【解雇事件マニュアル】Q90二重処罰に当たる懲戒解雇は許されるか

1 再度の懲戒処分の場合

 過去に懲戒処分の理由とされた事由を理由として労働者を懲戒解雇することは許されるか。例えば、遅刻を理由に降格の懲戒処分が行われた後、同じ遅刻を理由に労働者を懲戒解雇することは許されるか。

 懲戒処分は、企業秩序違反行為に対する特別の制裁措置であるから、罪刑法定主義類似の原則が適用され、同じ事由について繰り返し懲戒処分を行うことは原則として許されない(一事不再理の原則または二重処罰の禁止、水町『詳解労働法4版』618頁)。

2 同時の懲戒処分の場合

 1つの懲戒事由に対して、軽い懲戒処分と懲戒解雇を同時に行うことは許されるか。

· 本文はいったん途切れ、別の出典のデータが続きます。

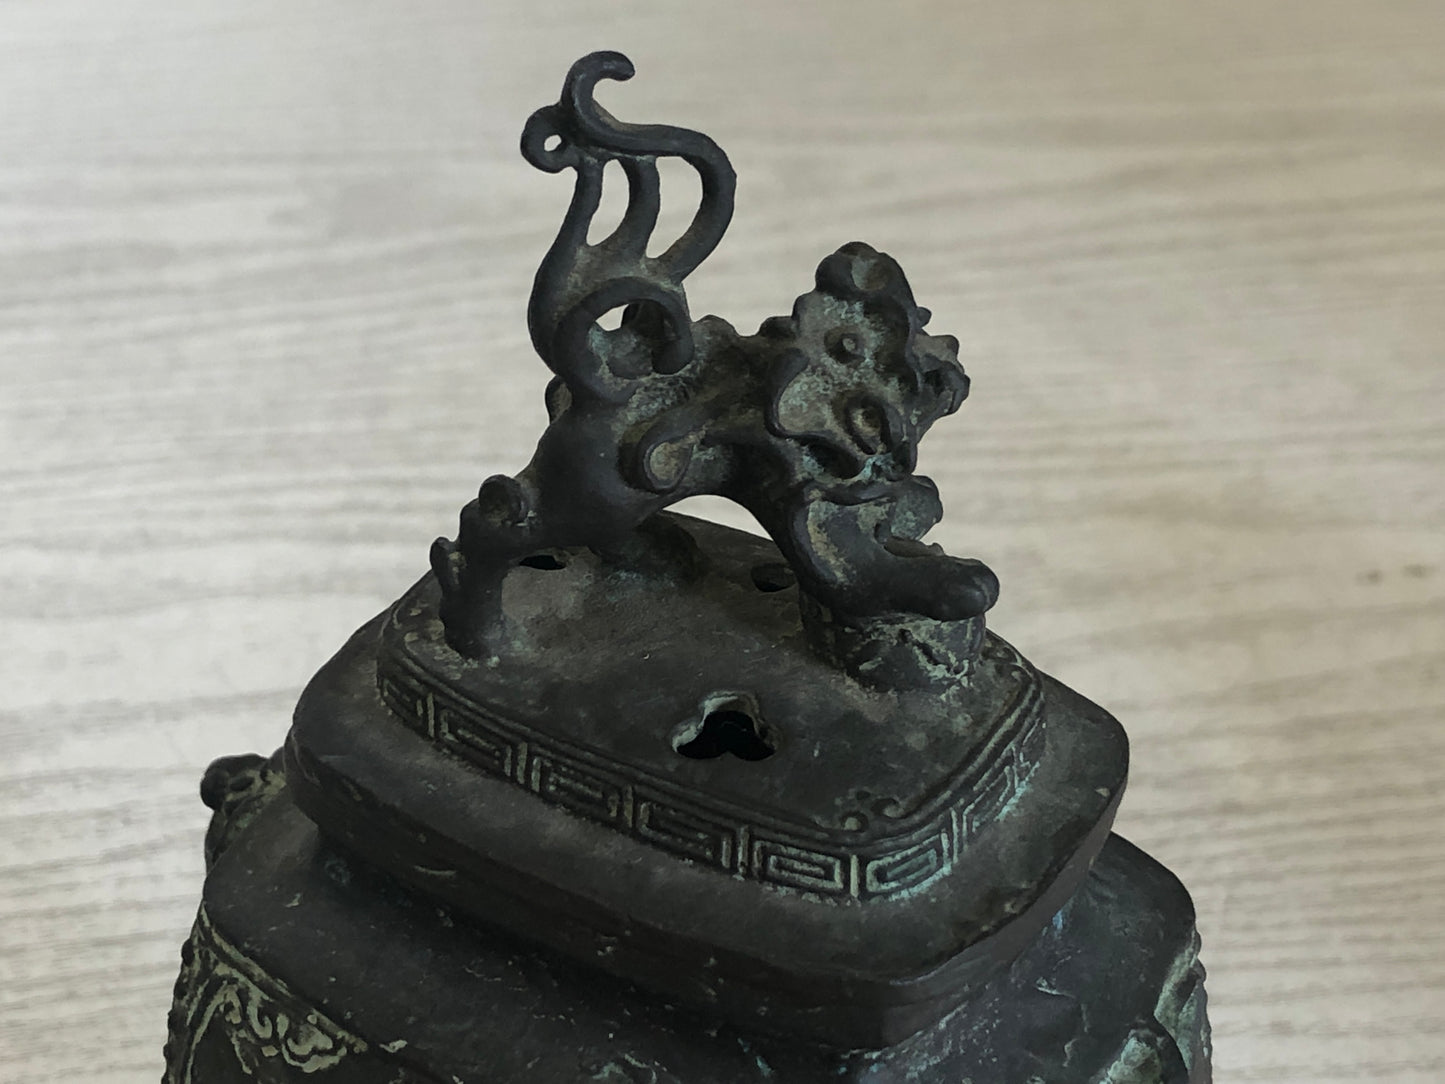 Y3354 KOURO Copper Dragon Lion knob signed Japan fragrance aroma incense burner

例えば、1つの遅刻を理由に、懲戒処分として労働者を降格させると同時に、労働者を懲戒解雇することは許されるか。

 このように、1つの懲戒事由に対して複数の懲戒処分を同時に行うことも原則として禁止される(水町『詳解労働法4版』618頁)。

3 二重処罰の禁止の例外

 もっとも、一方の措置(上記の各例でいえば降格)が、懲戒処分ではなく、人事上の措置によるものであれば、そもそも二重処罰に当たらない。

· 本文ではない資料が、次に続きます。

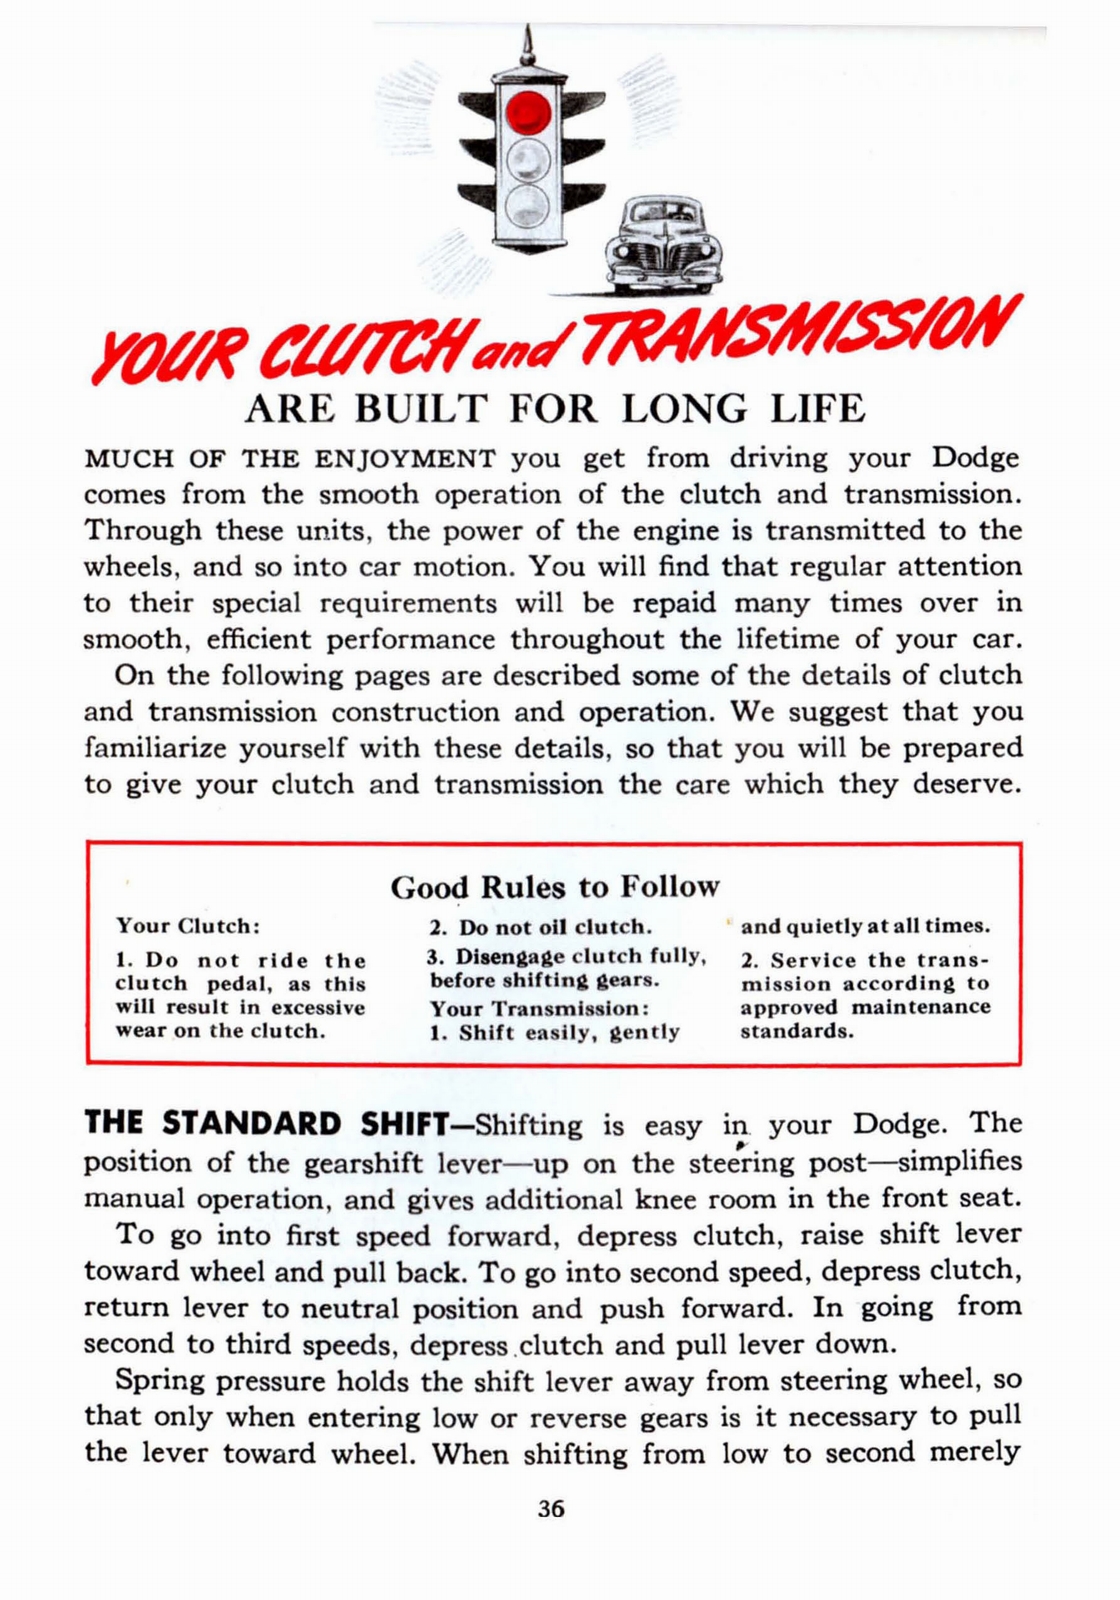 n_1941 Dodge Owners Manual-36.jpg

 また、1つの懲戒事由該当行為に対して複数の懲戒処分を科すことがあることを就業規則上あらかじめ定めている場合には、罪刑法定主義において法律上の併科の明記が認められていることと同様に、一事不再理の原則には反しないものと解される(水町『詳解労働法4版』619頁)。

 「過去に処分を受け改悛の見込みがない場合」との懲戒事由が定められている場合、過去に処分を受けたこと自体を懲戒事由とすることは一事不再理の原則に反するが、労働者に反省する態度がみられず将来同様の行為を繰り返すおそれが現実に存在する場合には、その限りでこれを懲戒事由として処分を行うことができる(水町『詳解労働法4版』619頁)。